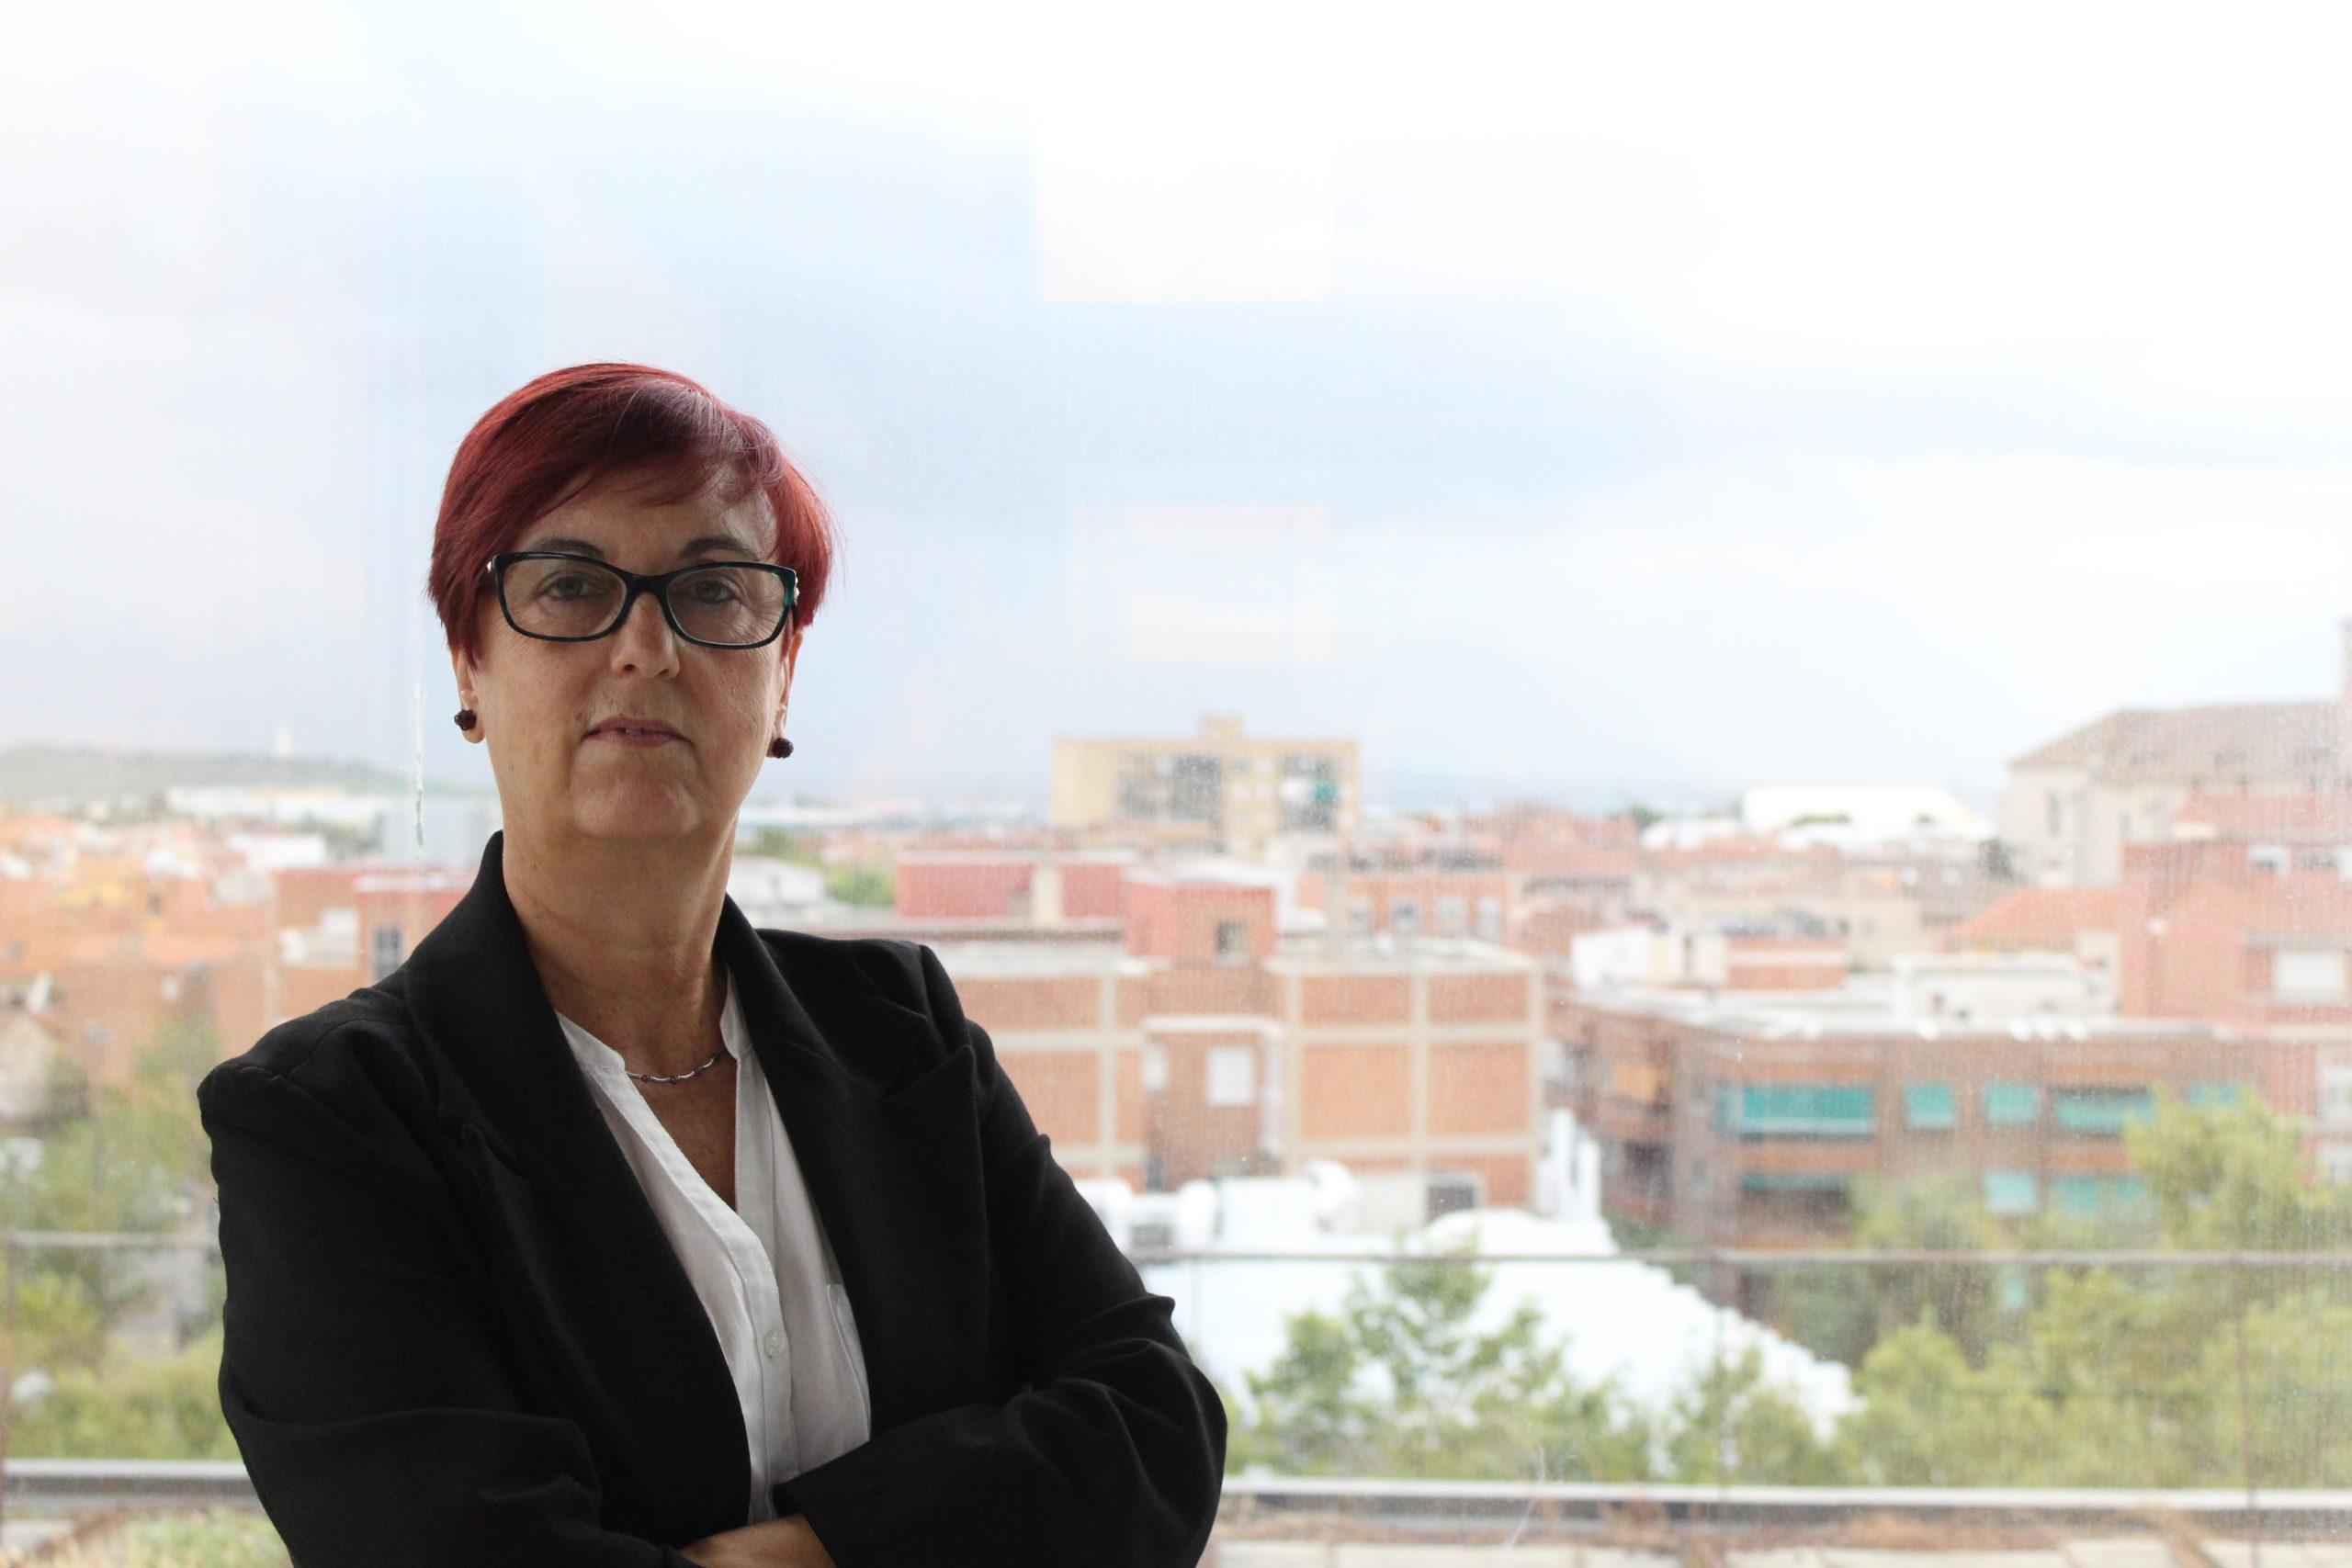 Podemos Getafe y PSOE piden la eliminación de la tasa de reposición para acabar con la interinidad de la administración
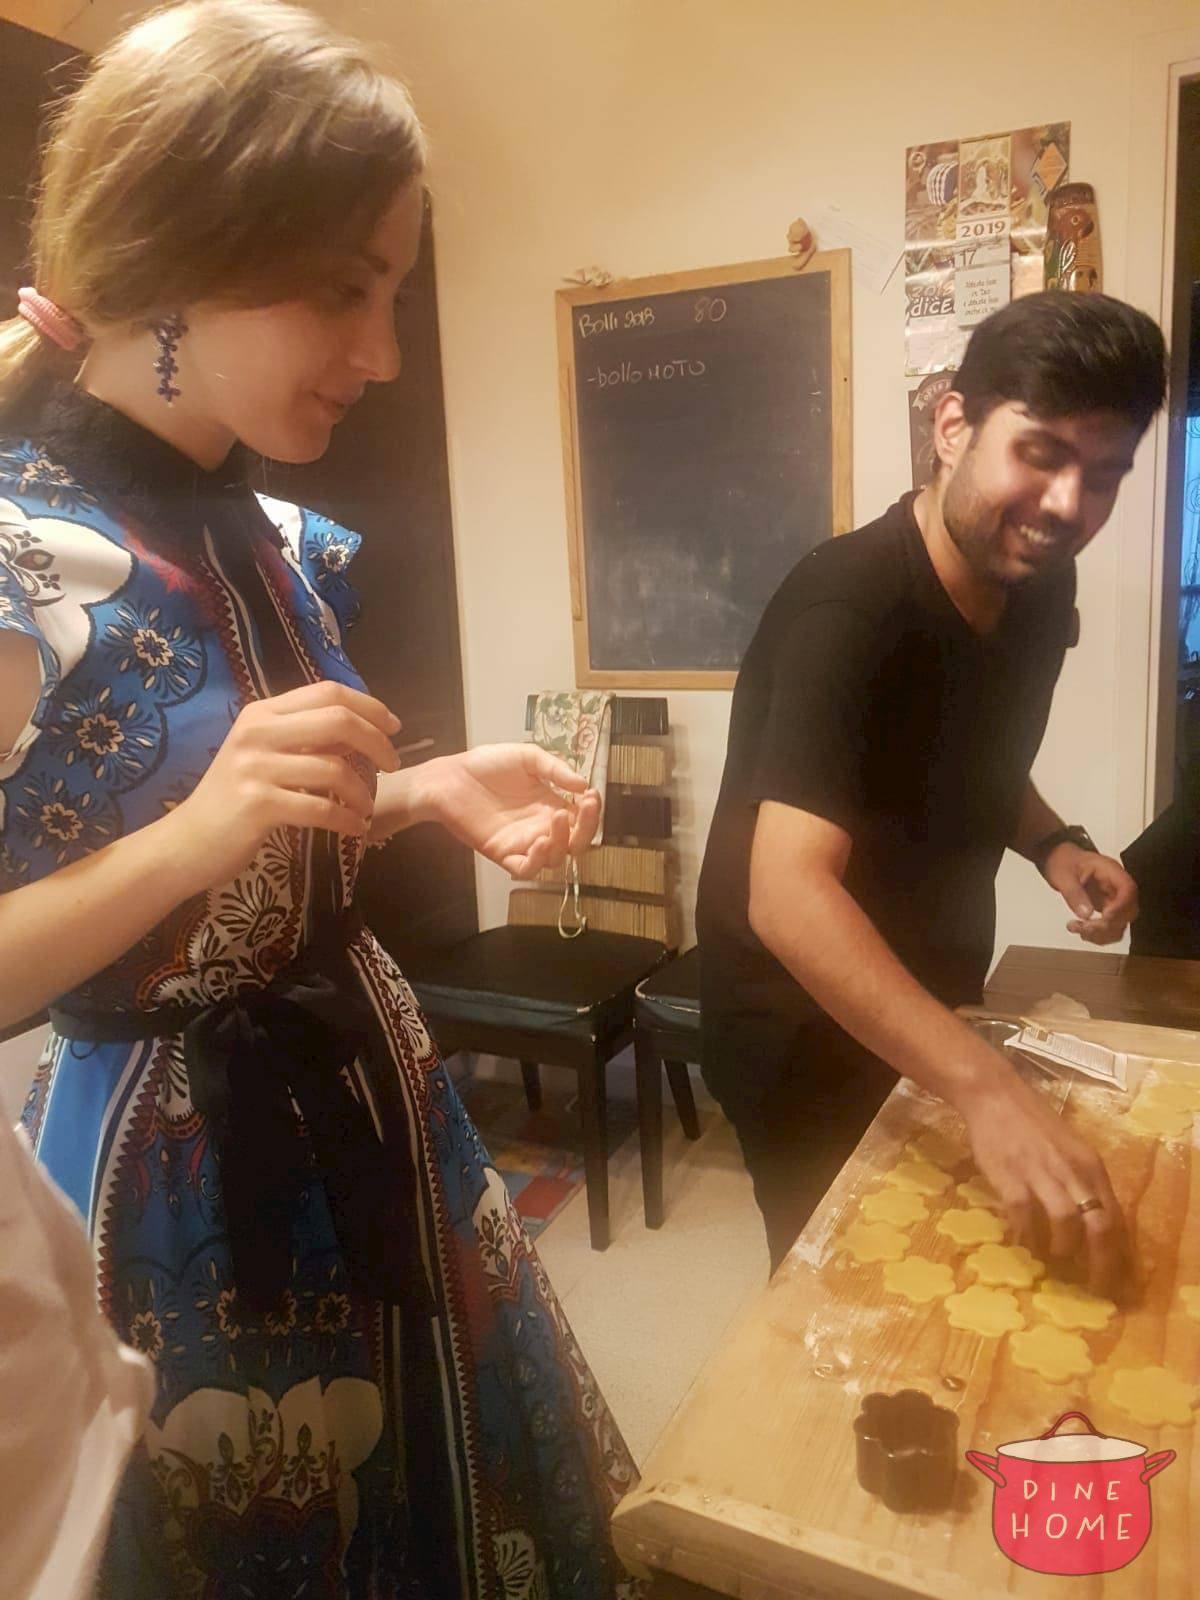 Abdul, studente dall' Arabia Saudita, a cena dalla sua famiglia Dinehome.
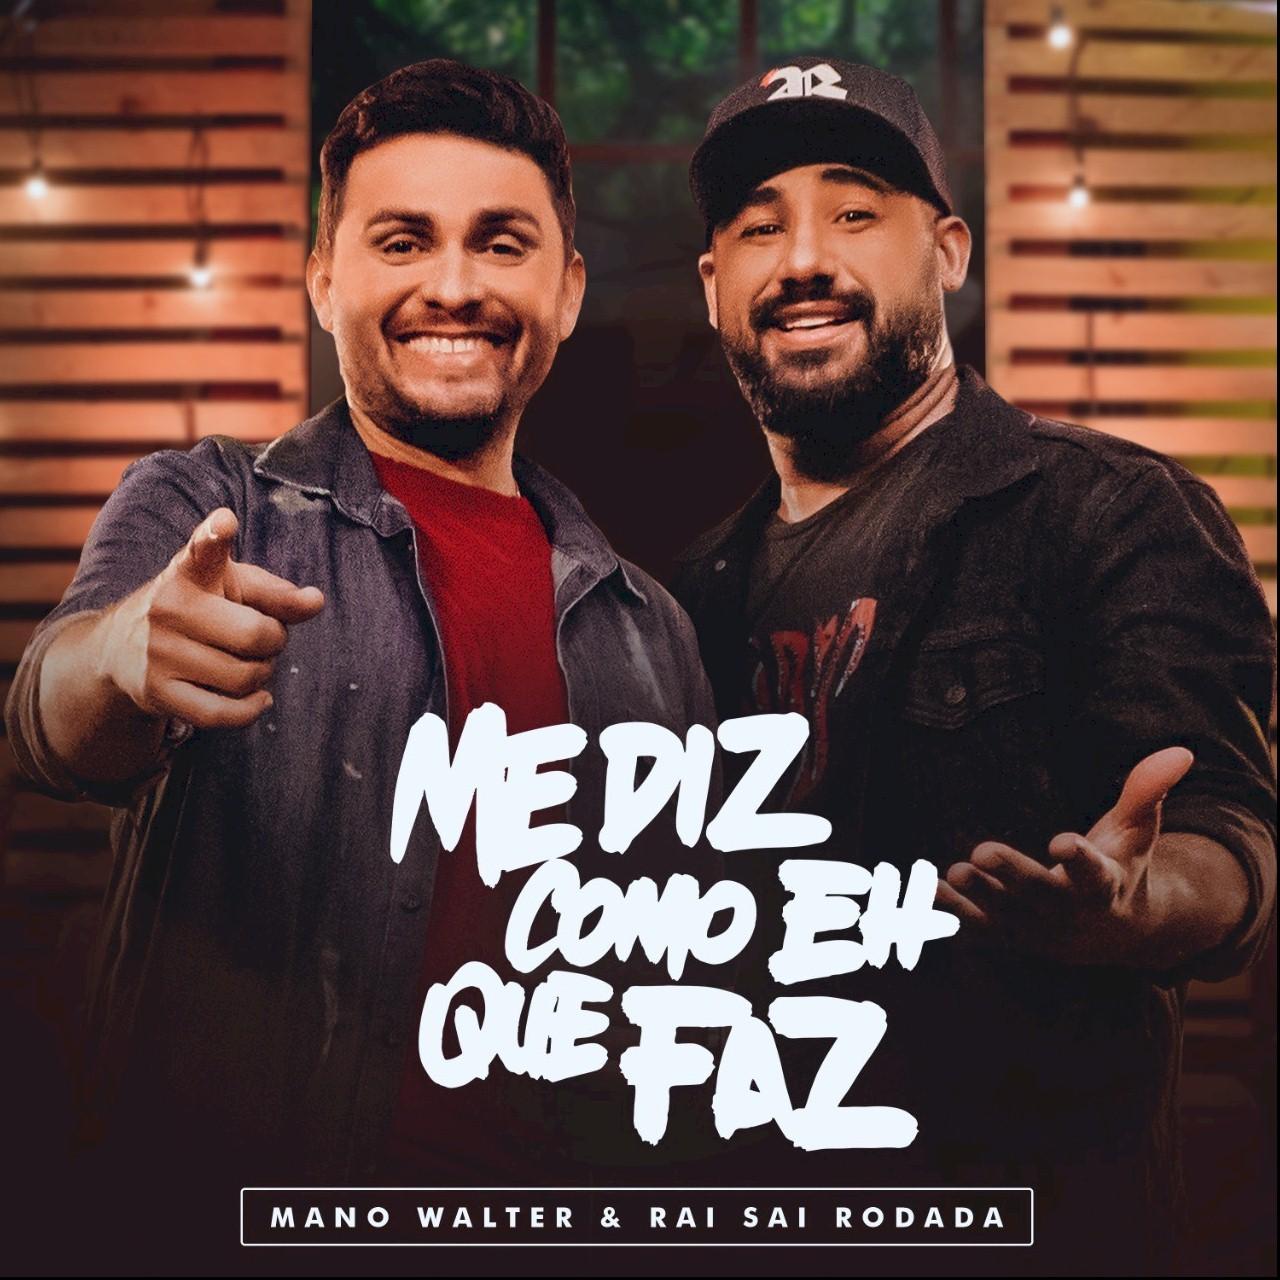 """Mano Walter e Raí Saia Rodada lançam o single e clipe de """"Me Diz Como É Que Faz"""""""
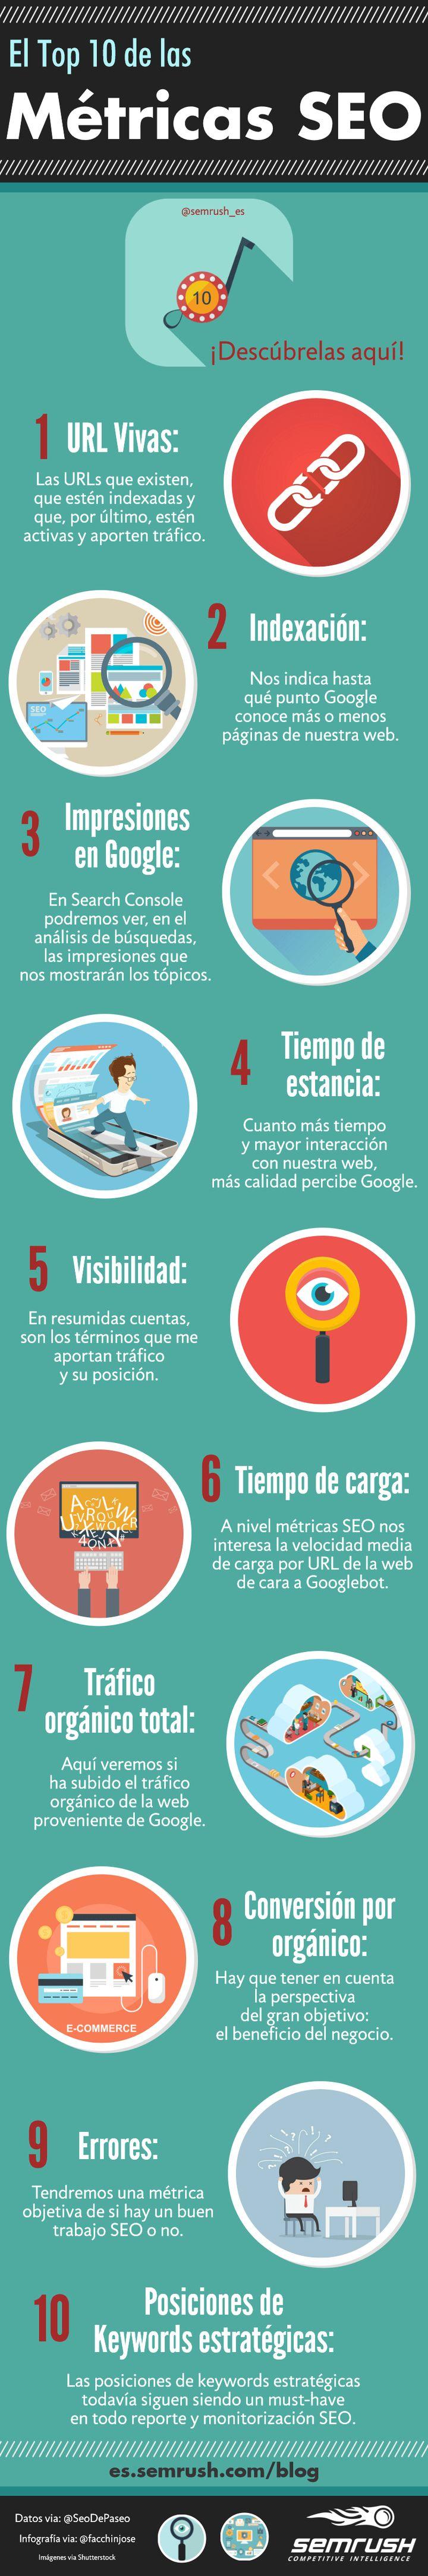 Top 10 de métricas SEO a utilizar #Infografía

_Exercise details_.
The answer must be the exact lines from the line with "Walter e Raí" to the final line of the data, both ends included, with no pictures.

_Answer to the exercise_.
 """Mano Walter e Raí Saia Rodada lançam o single e clipe de """"Me Diz Como É Que Faz"""""""
 Top 10 de métricas SEO a utilizar #Infografía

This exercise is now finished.